Taxer les transactions financières : Associations et syndicats lancent une pétition citoyenne adressée au G20.


Une telle démarche internationale est assez inédite. Il faut la soutenir !

 

DH

 

 


 

 

Attac et une large coalition de syndicats et associations lancent aujourd'hui une pétition citoyenne pour taxer la finance


Depuis plusieurs mois Attac travaille à mettre en place en France une large coalition pour mobiliser les citoyens afin d'imposer la mise en place d'une taxe sur les transactions financières (TTF).

Aujourd'hui, à l'occasion des journées internationales d'action pour la TTF organisées dans plusieurs pays d'Europe et d'Amérique du Nord, cette coalition publie un communiqué de presse commun (voir ci-dessous) et lance une pétition citoyenne adressée au G20.

1. Qu'est ce que cette coalition ?

Cette coalition constitue par elle-même un évènement politique inédit, puisqu'elle regroupe avec Attac une palette large de syndicats (CGT, CFDT, FSU, Solidaires), d'associations écologiques (Amis de la Terre, WWF, Action consommation), d'associations de solidarité internationale (Oxfam, CCFD, CRID, Aitec, Foi et Justice, RITIMO) et de lutte contre les pandémies (Aides).
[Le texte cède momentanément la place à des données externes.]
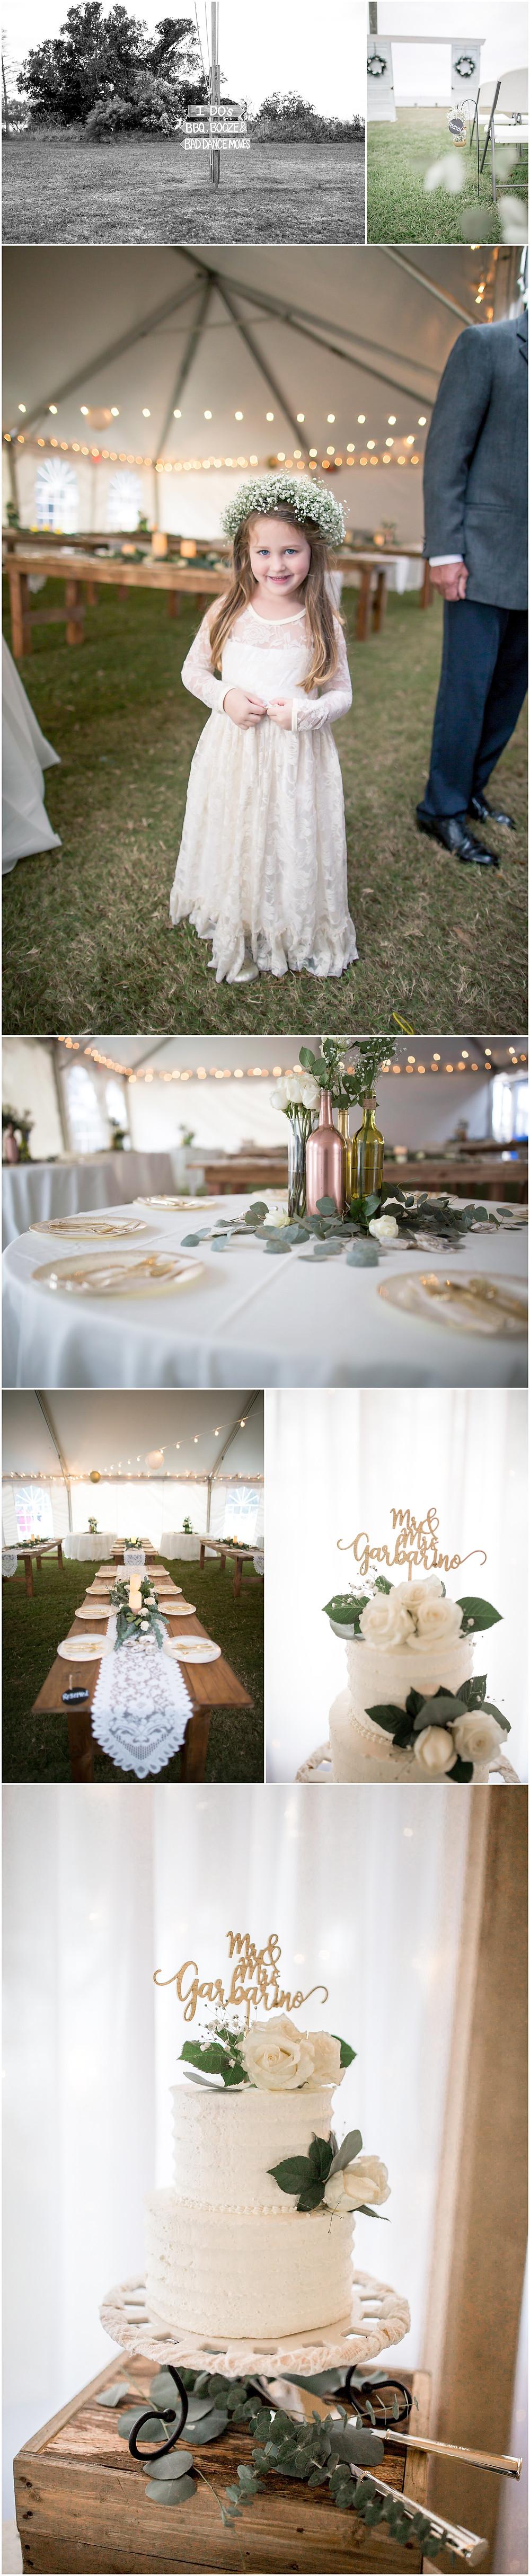 Wedding signs, Flower Girl, Wedding Cake, North Carolina Wedding
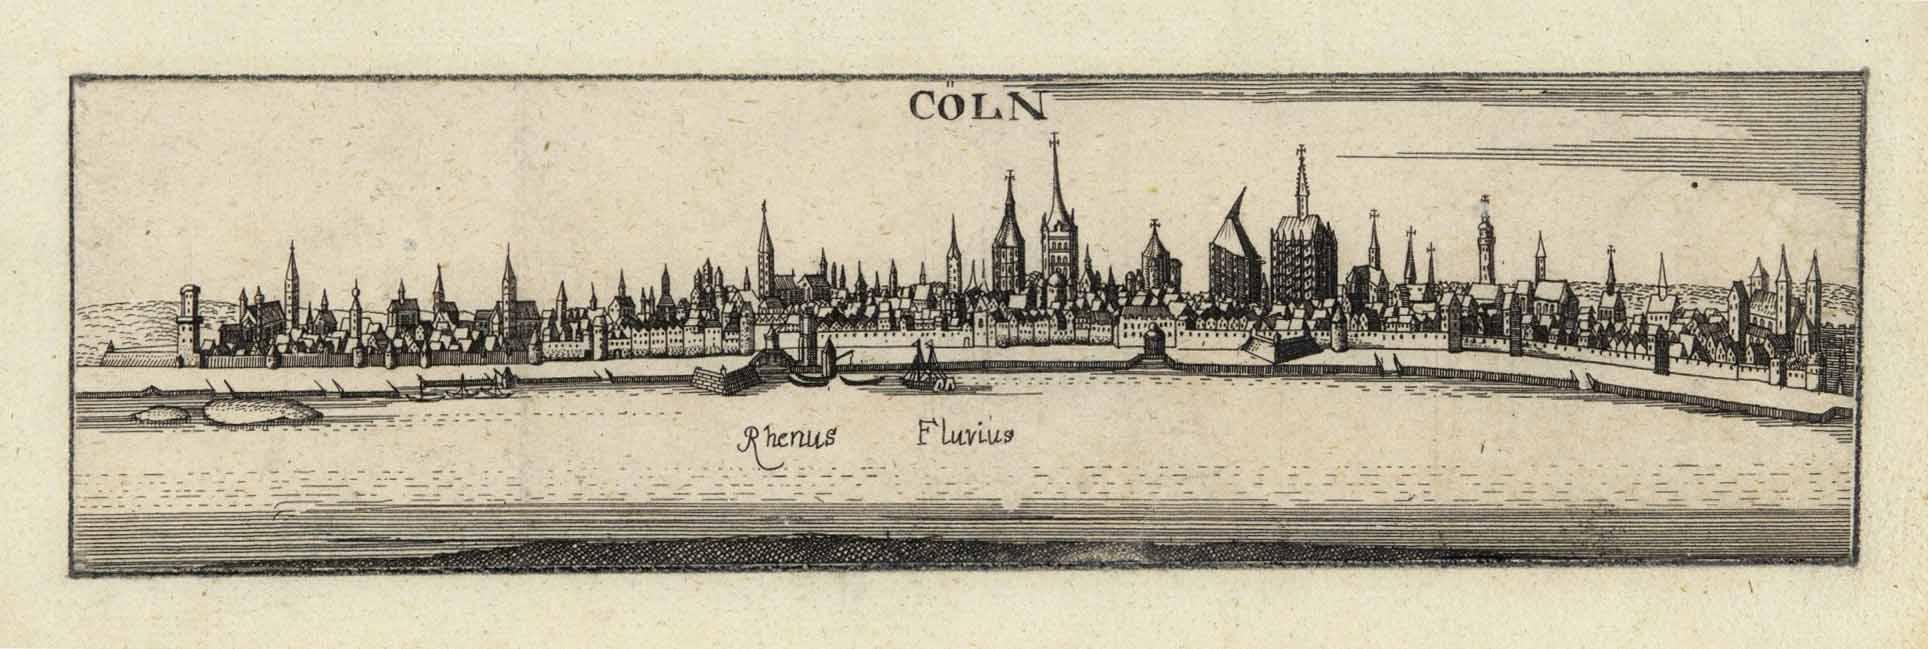 Gesamtansicht über den Rhein ('Cöln - Rhenus: KÖLN:

D'autres associations participent au processus unitaire qui débouchera, à partir de septembre prochain, sur une campagne en vue du G20 qui se déroulera en France au printemps 2011. Des campagnes similaires se déroulent aujourd'hui aux USA, au Royaume-Uni (http://robinhoodtax.org.uk/), au Canada (http://robinhoodtax.ca/), en Allemagne (http://www.robinhoodsteuer.de/), en Autriche (http://www.steuergegenarmut.at/) et en Italie (http://www.zerozerocinque.it), portées par les mêmes alliances entre mouvements syndical, écologique et de solidarité internationale.


2. Quelles sont les bases politiques de la coalition ?

La coalition s'est formée autour d'un objectif - imposer des taxes sur les transactions financières - et de deux finalités: lutter contre la spéculation financière et financer les biens publics mondiaux. L'existence même de cette coalition et ses thèmes centraux montrent l'avancée des idées d'Attac dans le débat public. Vu la diversité de la coalition elle est évidemment traversée de débats intenses: faut-il mettre en avant la lutte contre la finance  ou surtout la levée de fonds pour les urgences sociales et climatiques ? Faut-il réclamer une taxe mondiale, européenne ou nationale ? L'argent doit il aller entièrement au Sud ou les biens publics mondiaux à financer concernent-ils aussi les pays du Nord ? (Débats qui peuvent d'ailleurs aussi traverser notre association...).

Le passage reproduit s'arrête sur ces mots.